Unlike the wail/guardian chaperone feature, the Dad Verification button is universally available to both male and female users — so both sides of the community of users can opt to seek the approbation of a match’s father to advance their suit, per Muzmatch.

It’s not clear whether the startup is manually verifying a user’s dad is who they say they are. We’ve asked for more on that.

“To support the women who are complaining that men simply aren’t as serious about marriage anymore and the ones who have been ghosted and led on, the revolutionary Dad Verified feature will allow both men and women on muzmatch to check if their match is ready for marriage by getting them to speak to their father and get the seal of approval,” it writes in a press release.

It’s the latest tweak for the app which underwent some spring cleaning in January.

A v3.0 launch then brought updates to the interface, including support for richer profile content; a new card layout to showcase potential matches; and a cleaner view of matches/unmatches. Browsing and discovery, explore and chat also got a refresh at that point.

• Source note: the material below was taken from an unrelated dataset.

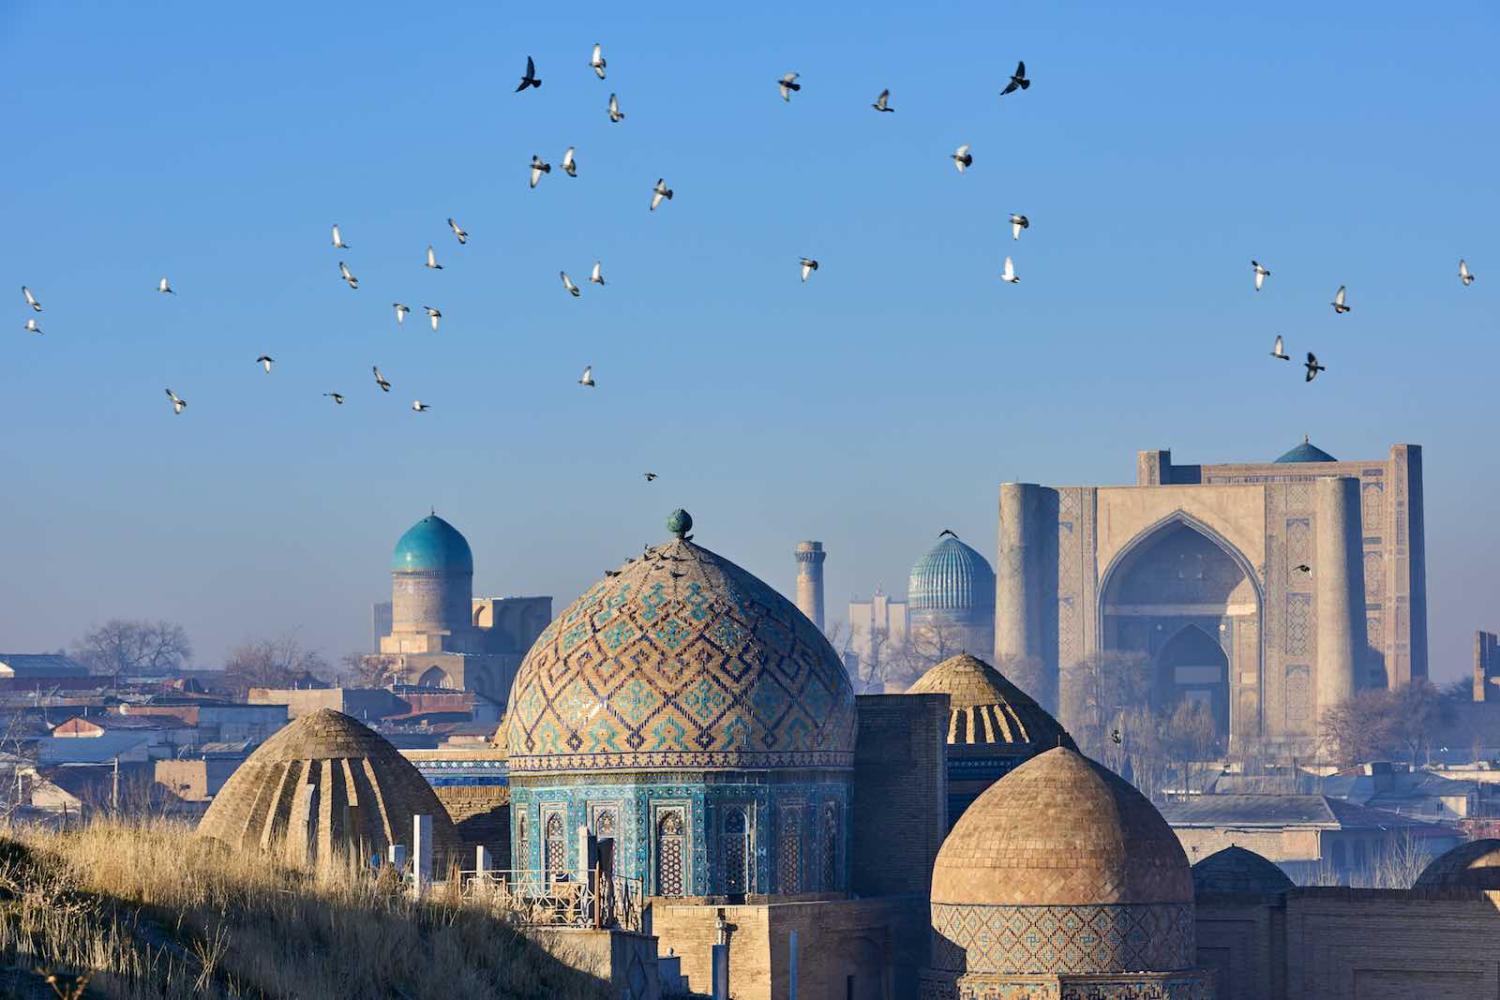 Shah-i-Zinda necropolis in Samarkand, Uzbekistan (Getty Images)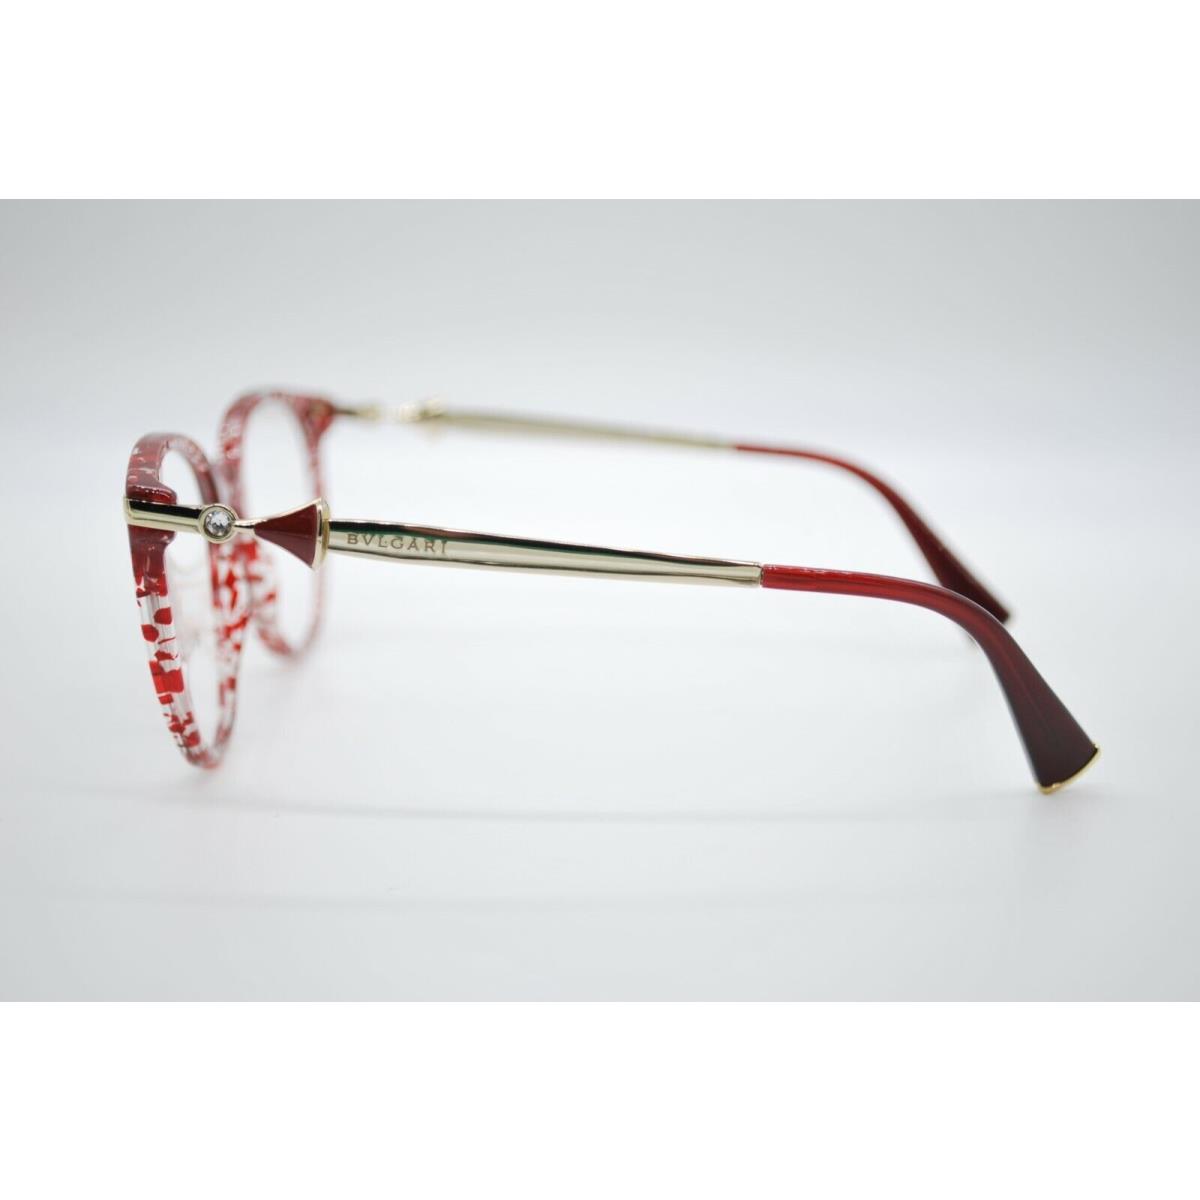 Bvlgari eyeglasses  - Red Frame 2

But with dad video chats Muzmatch is taking a bigger step in the hopes of bringing its community along for the ride — and fending off growing competition for its target users in the process.

Zooming out, while dating apps are facing a curious time right now, as a result of the coronavirus crisis putting a dampener on face-to-face meet-ups with so much of the world under de facto house arrest, such physical restrictions seem likely to offer less of a disruption to Muslim dating apps — where the focus is on remote courtship to establish if there’s a marriage connection, rather than applying digital chatter as an accelerant for meeting in person.